The first set is a warm up set. It can be made into an ascending pyramid (increasing weight per set) or just straight sets (same load). For this training, you only need a barbell, a bench press, and a kettlebell. It requires 24 to 48 hours recovery in between Strength training days. Boring? Well, an experienced lifter may not be so bored. With the right intensity, it is challenging. Depending on the athletes mobility and stability, it may take time to be able to do full range of motion. This training program is usually for those who have been training consistently for a few months and shows good mobility with sufficient strength.
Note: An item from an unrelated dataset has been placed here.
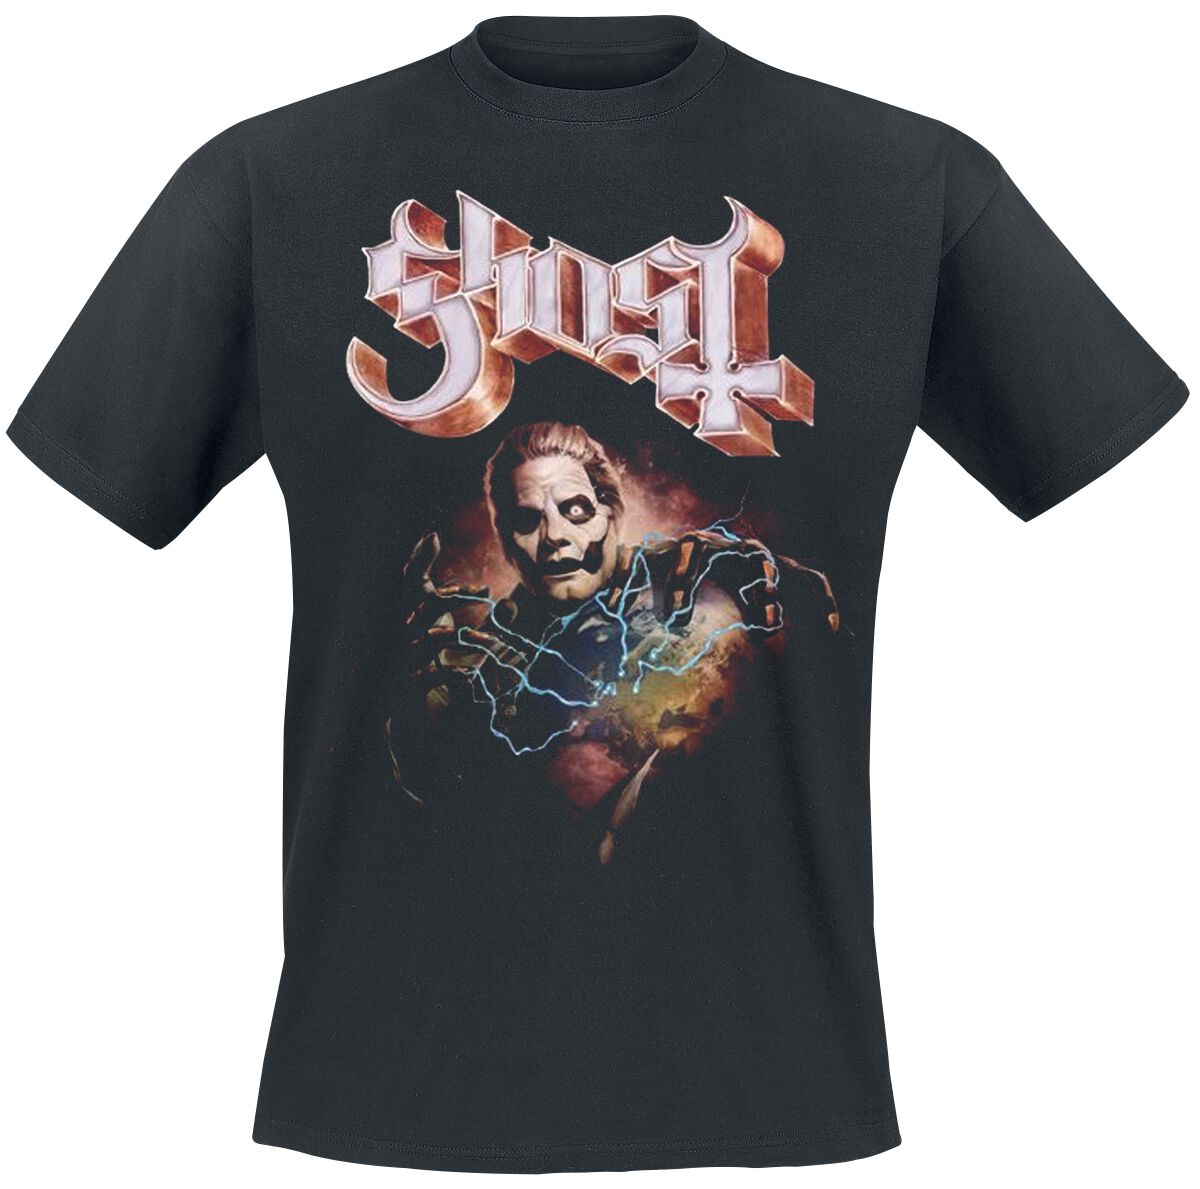 Ghost T-Shirt - Europe 23 Admat Tour Shirt - S bis 4XL - für Männer - Größe L - schwarz  - Lizenziertes Merchandise!
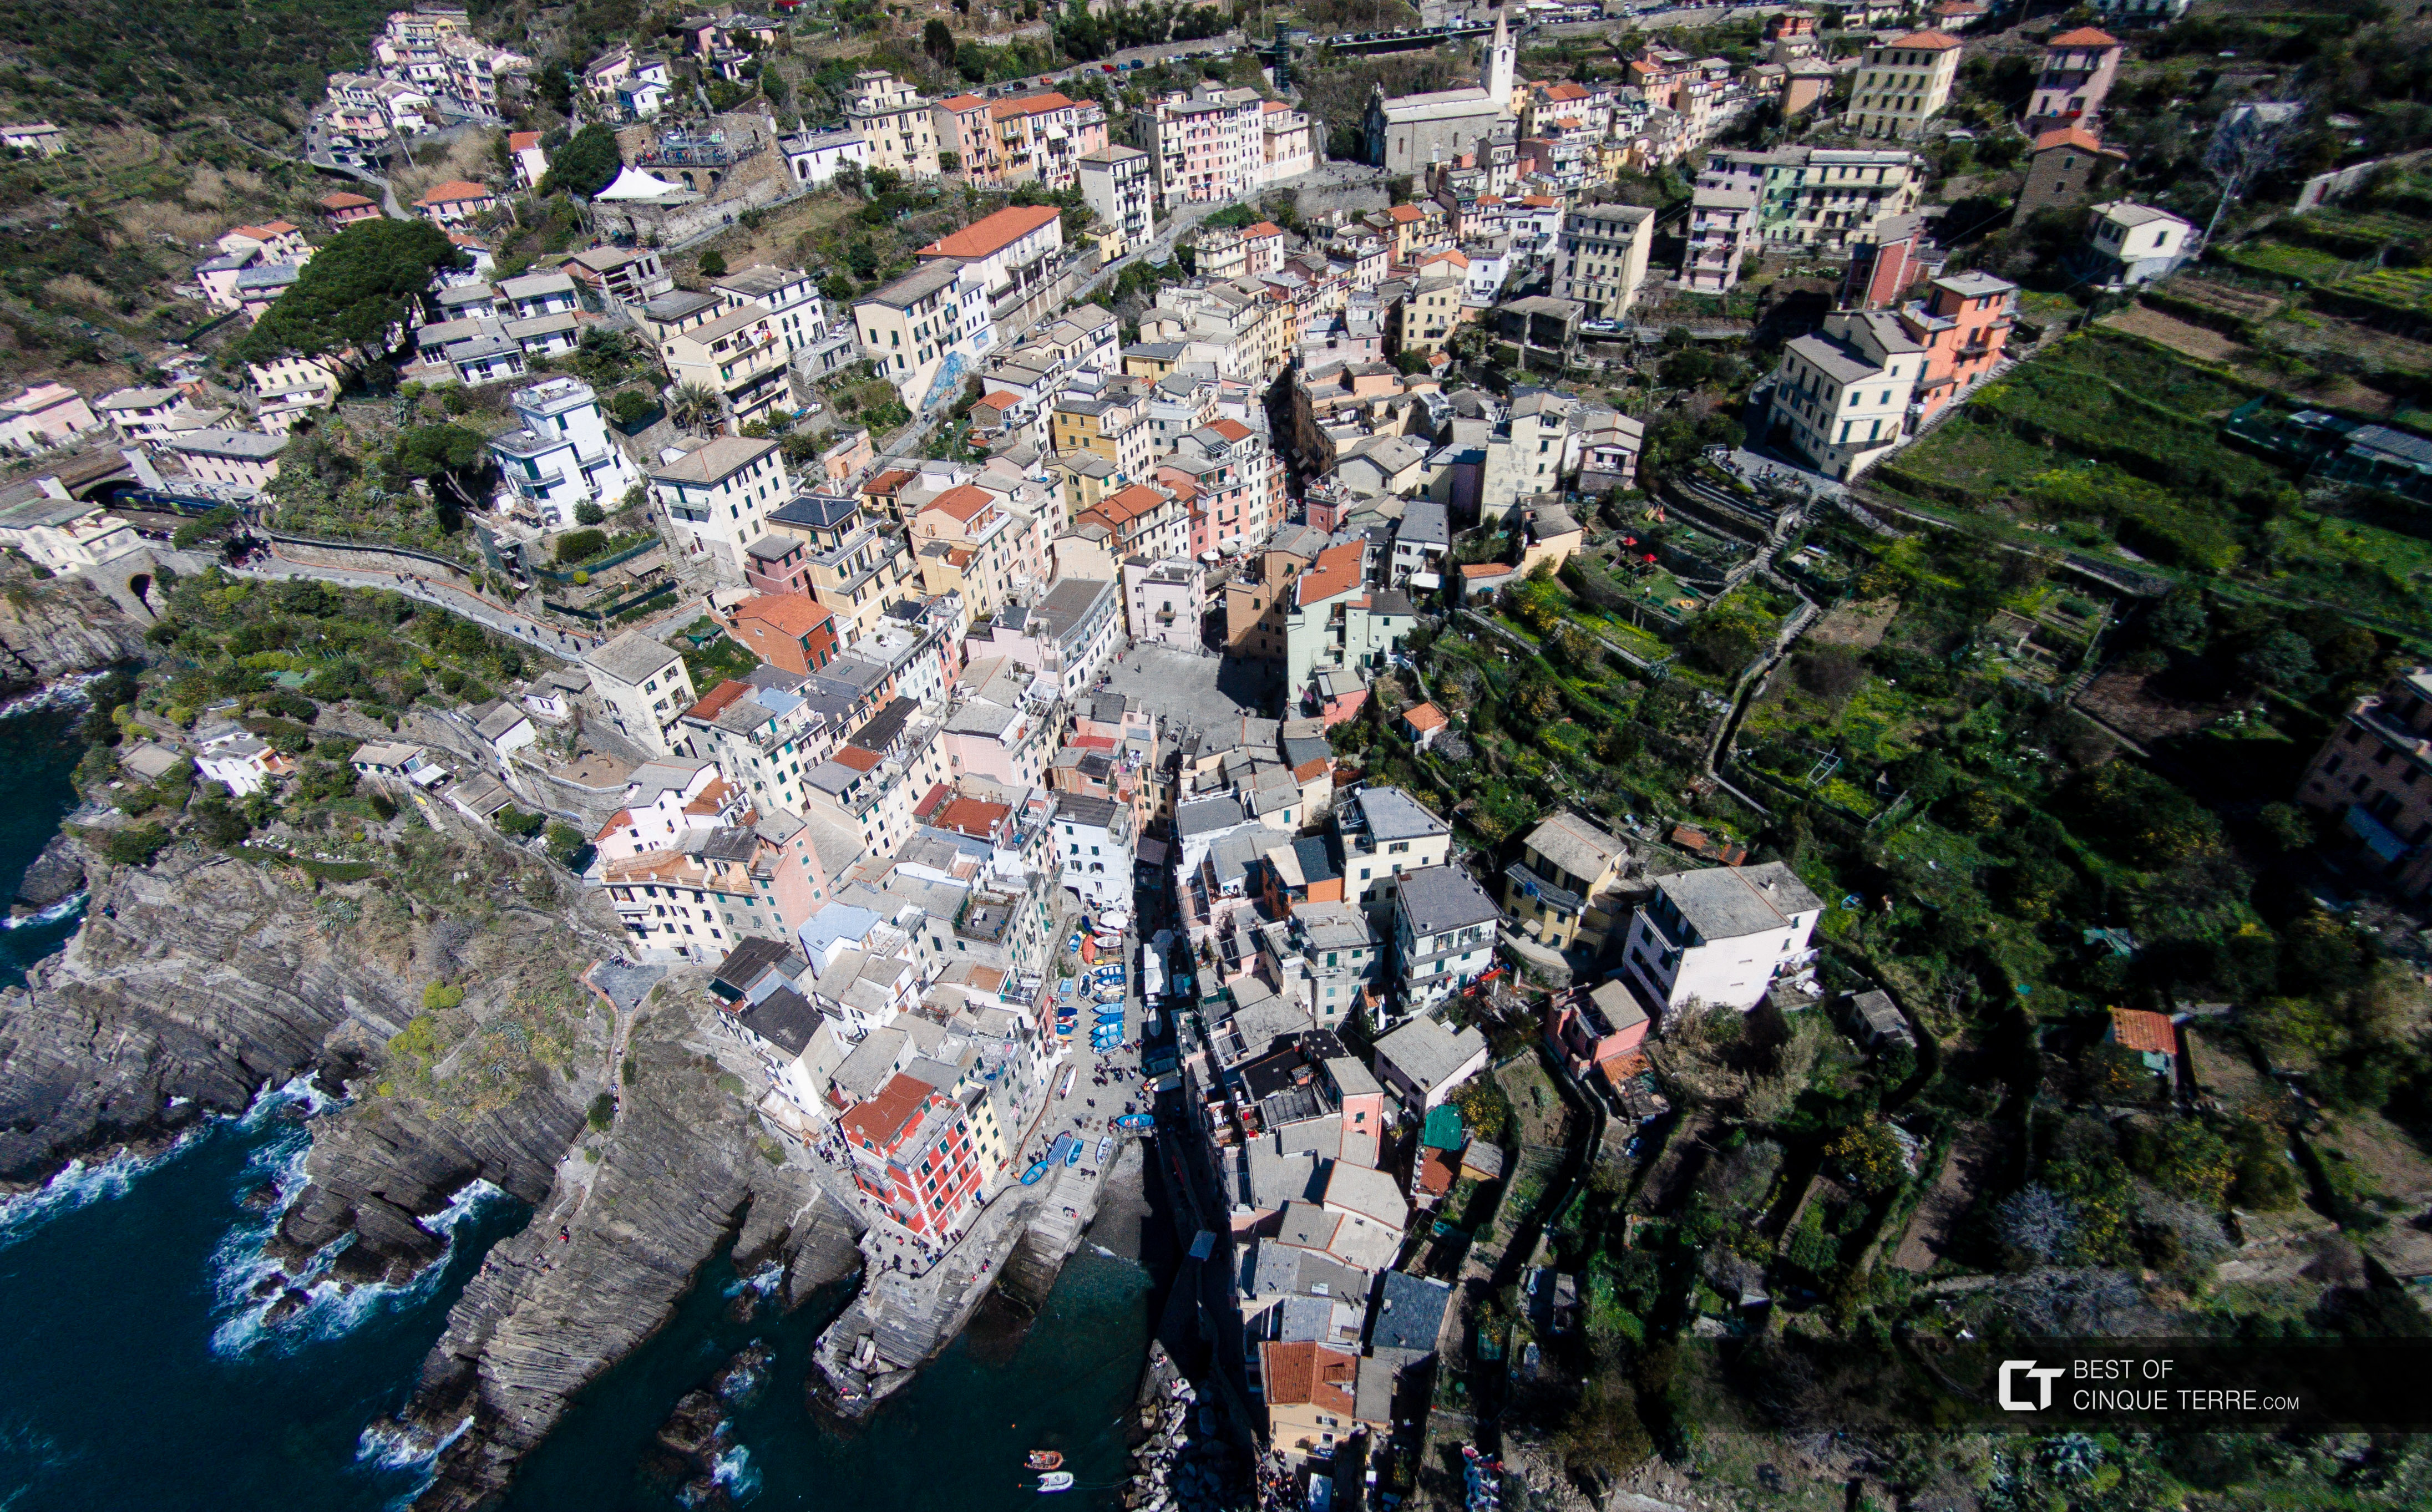 Aerial view of the village, Riomaggiore, Cinque Terre, Italy

It can be for new athletes IF they have the required ability to execute the exercise in the required range of motion while still being able to stabilize their body with the load and it depends on their movement aptitude. Most new trainees may not yet exhibit those qualities. So if you look at it, it may seem so simple, yet it is for more “advanced” trainees.

If you want a dynamic warm-up that stretches your hip as well as strengthens your torso, click here.


No overly complicated stuff. Straight to the point. Simple. Efficient. Useful.